2. The method according to claim 1, obtainable from a fungus selected from the group consisting of dariomyces, Alternaria, Curvularia, Drechslera, Ulocladium and Botrytis. 6. The method according to claim 5, wherein the haloperoxidase can be obtained from calvaria. 7. The haloperoxidase is Calbularia velcrosa (
The method according to claim 6, which can be obtained from Verruculosa). 8. The haloperoxidase is Pseudomonas (Pseud).
The method according to claim 1, obtainable from a bacterium selected from the group consisting of Omonas) and Streptomyces. 9. The method of claim 5, wherein the haloperoxidase is vanadium haloperoxidase. 10. The method of claim 5, wherein the haloperoxidase is chloride peroxidase. 11. The method of claim 1, wherein the hydrogen peroxide source is hydrogen peroxide or a hydrogen peroxide precursor. 12. The hydrogen peroxide precursor is a percarbonate or a perborate.

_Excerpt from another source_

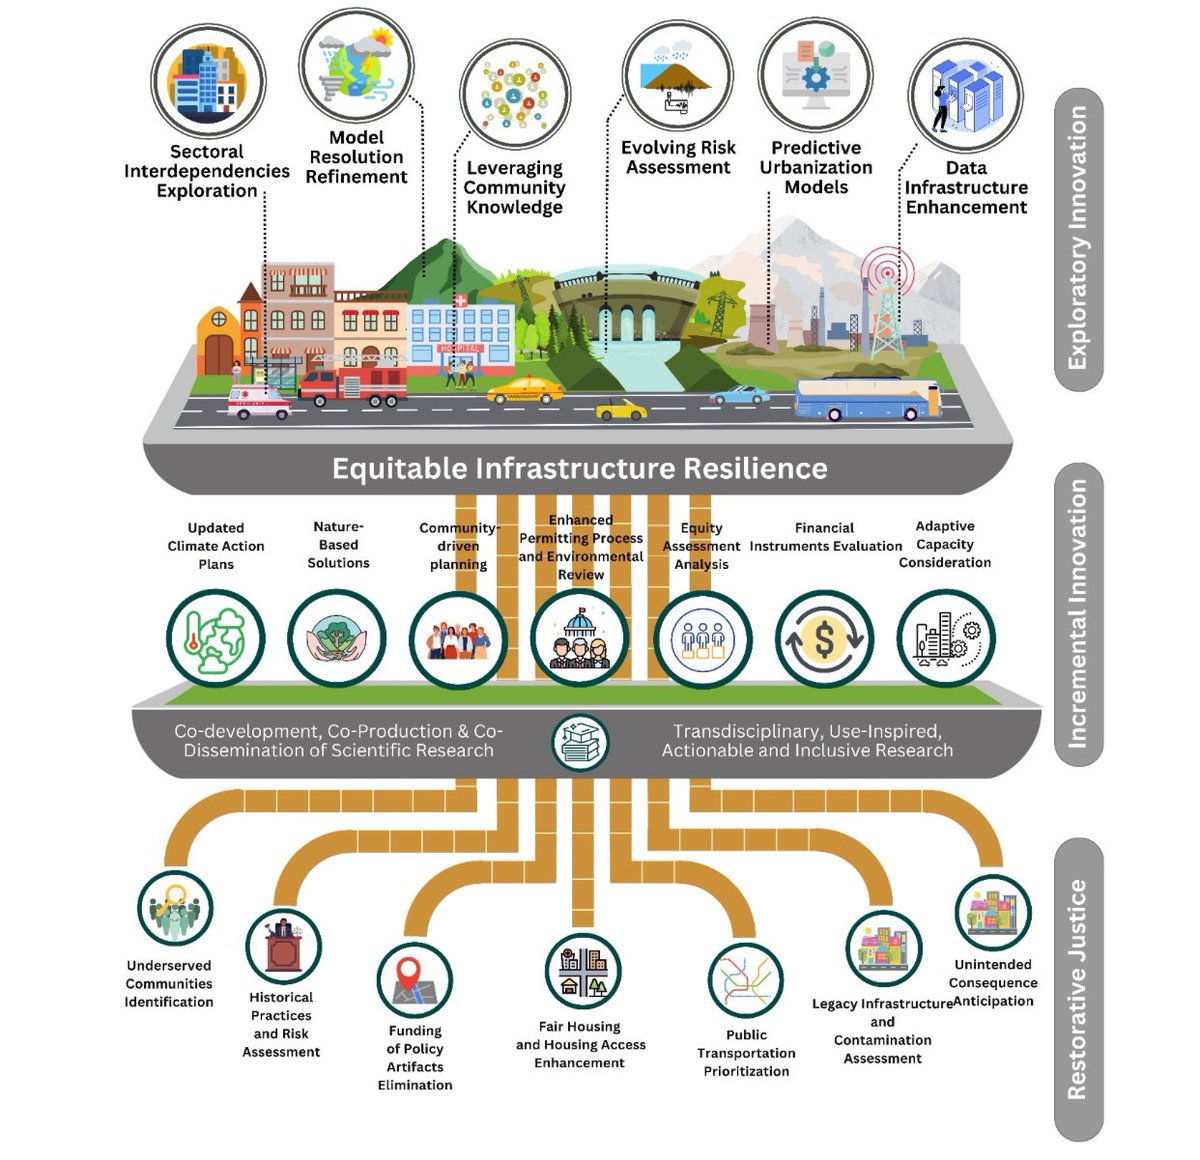 A new paper by our scientists presents a three-pronged approach to equitable and resilient infrastructure by: 1) prioritizing #equity in infrastructure decision-making 2) disrupting mechanisms that cause inequities 3) addressing historic harms 👉 academic.oup.com/pnasnexus/adva…

The method according to claim 11. 13. The method of claim 1, wherein the halide source is a halide salt. 14. The method of claim 13, wherein the halide source is sodium chloride, potassium chloride, sodium bromide, potassium bromide, sodium iodide, or potassium iodide. 15. The method according to claim 1, wherein the amount of haloperoxidase used per kg of wool, fiber or hair is in the range of 0.001 g to 10 g. 16. The method of claim 1, wherein the proteolytic enzyme is of plant, animal, bacterial or fungal origin. 17. The method of claim 16, wherein the proteolytic enzyme is selected from the group consisting of papain, bromelain, ficin, and trypsin. 18. The method of claim 16, wherein the proteolytic enzyme is a serine protease. 19. The serine protease is Bacillus.

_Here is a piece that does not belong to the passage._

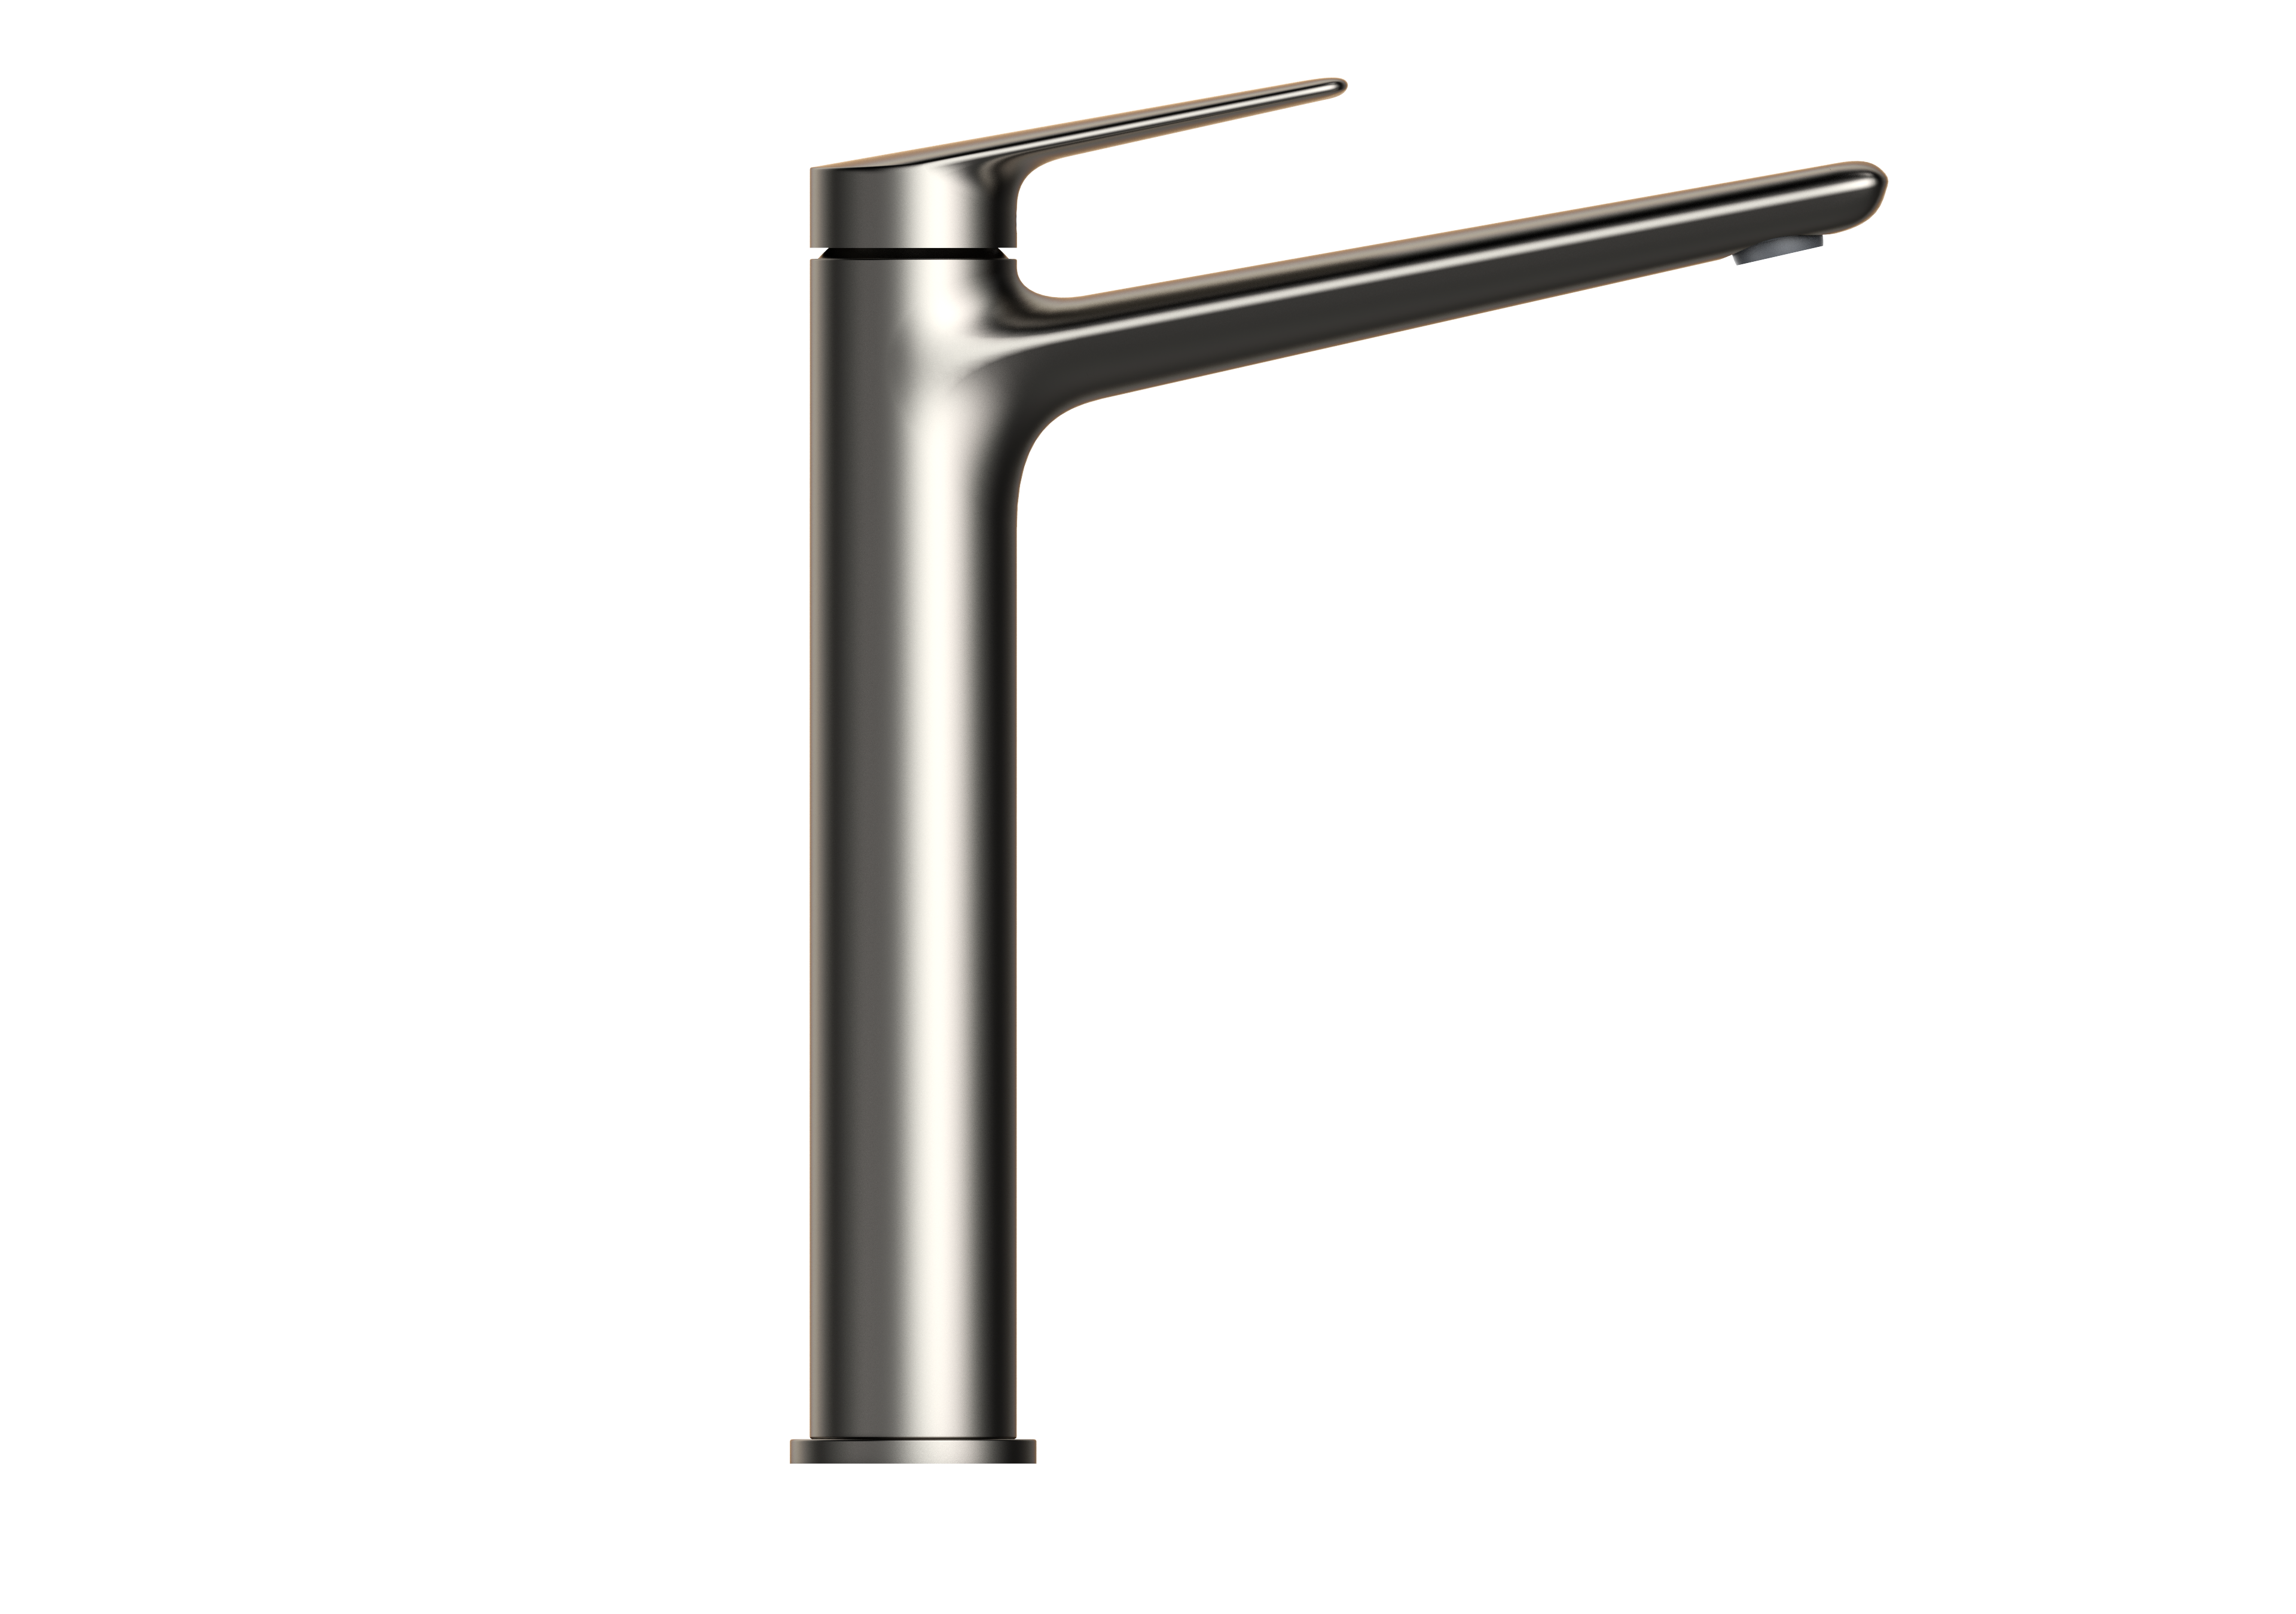 How do Brass Basin Faucets contribute to water conservation efforts in comparison to other faucet materials?

) Or a subtilisin from Tritirachium. 20. The method according to claim 1, wherein the amount of protease used per kg of wool, fiber or hair is in the range of 0.001 g to 10 g. 21. The method of claim 1, wherein the aqueous solution further comprises a softening agent. 22. The method of claim 1, wherein the wool, wool fiber or animal hair is treated with a softening agent after the treatment with the haloperoxidase and protease.